Here is a copy of the letter I am sending as an example:
To: Members of the New Hampshire State Senate
The opponents of marriage equality imply that all homosexuals are part of a malevolent collective which other citizens need to be protected from without fulfilling their burden of proof. My sexuality neither defines me as a person, nor is proof of mea culpa. Section one of the fourteenth amendment of the United States Constitution states:
“No State shall make or enforce any law which shall abridge the
privileges or immunities of citizens of the United States; nor shall
any State deprive any person of life, liberty, or property, without
due process of law; nor deny to any person within its jurisdiction the
equal protection of the laws.”
I accuse that the fears lodged against marriage equality area mixture of hearsay and deliberate misrepresentations. Thomas Jefferson offers this insight written two hundred years ago:
“All, too, will bear in mind this sacred principle, that though the
will of the majority is in all cases to prevail, that will to be
rightful must be reasonable; that the minority possess their equal
rights, which equal law must protect, and to violate would be
We know separate but equal does not work, civil unions are merely a consolation that does not satisfy the Constitution’s requirements of equality for all. When defending equality in this instance I am reminded of Robert Kennedy who once said, “Some people ask why, I ask why not?”

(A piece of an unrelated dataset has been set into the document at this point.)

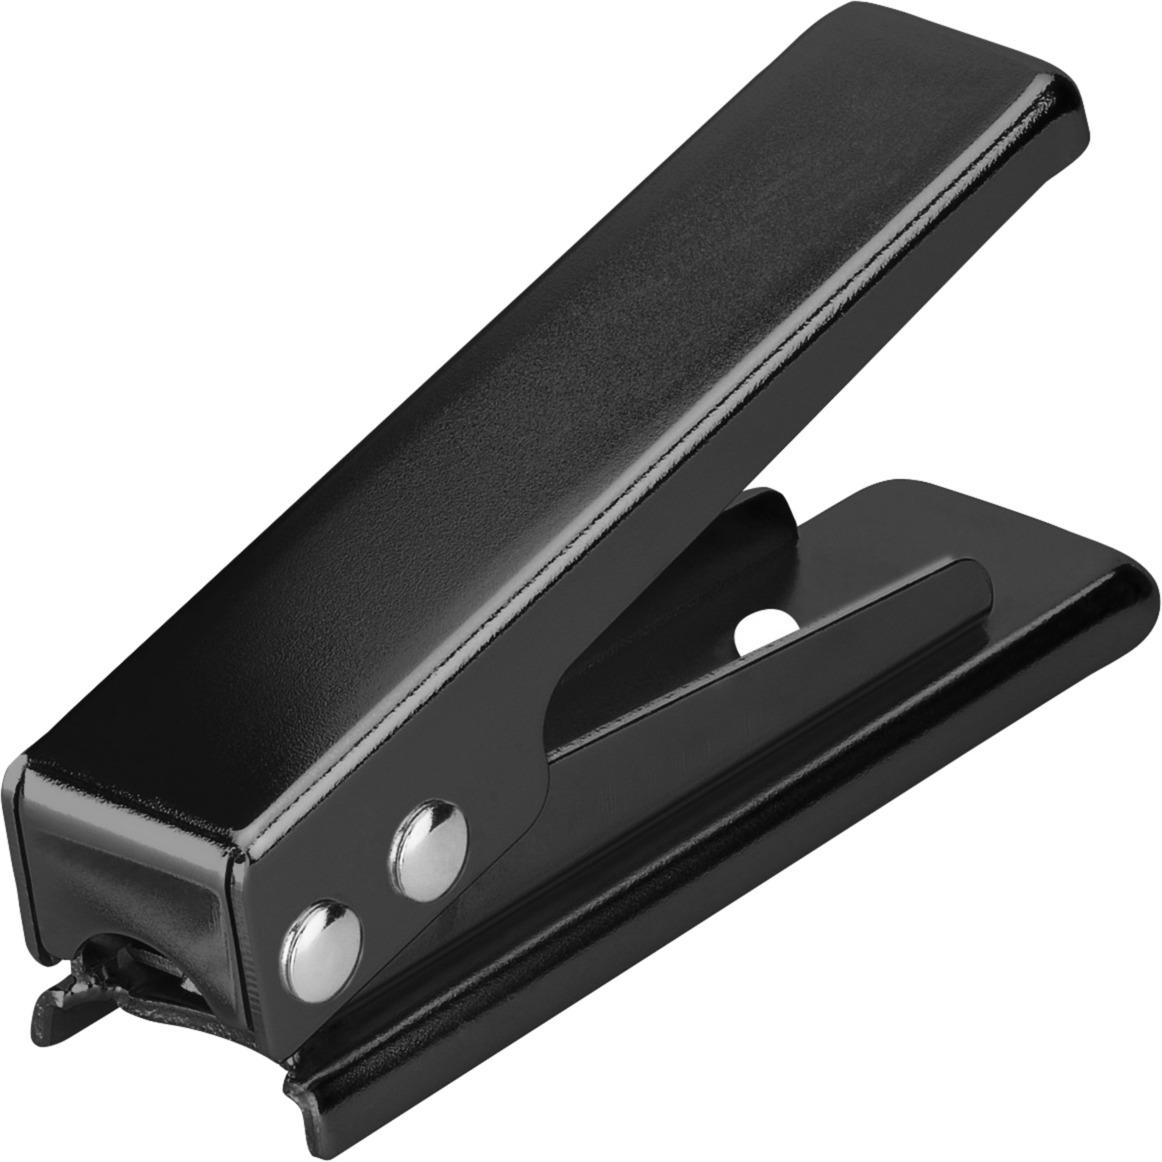 47011 adaptador para tarjeta de memoria sim / flash SIM card adapter, Dispositivo de corte

General John Stark coined our state’s motto; “Live Free or Die!” His original statement was “Live Free or Die! There are worse things than death.” Worse things like oppression.
The Abenaki Indians native to New Hampshire have a saying similar to Greek philosopher Heraclitus, “You cannot stand in the same river twice.” We cannot strive to better ourselves if we do not embrace change. Robert Frost wrote “Two roads diverged in the woods, and I, I took the one less traveled by, and that has made all the difference.” I expect we can move down this new path together as one people, remembering always the responsibility to respect one another.
Approving marriage equality will undoubtedly have a dramatic effect on the citizens it provides for without inhibiting the freedoms of anyone else. Massachusetts proves after five years of marriage equality that the sky will not fall. We can remain as we are, or we can grow with an understanding of who we hope to be. Gandhi once said, “Be the change you wish to see in the world.” I ask you, if not now, when? Thank you for your valuable time and consideration.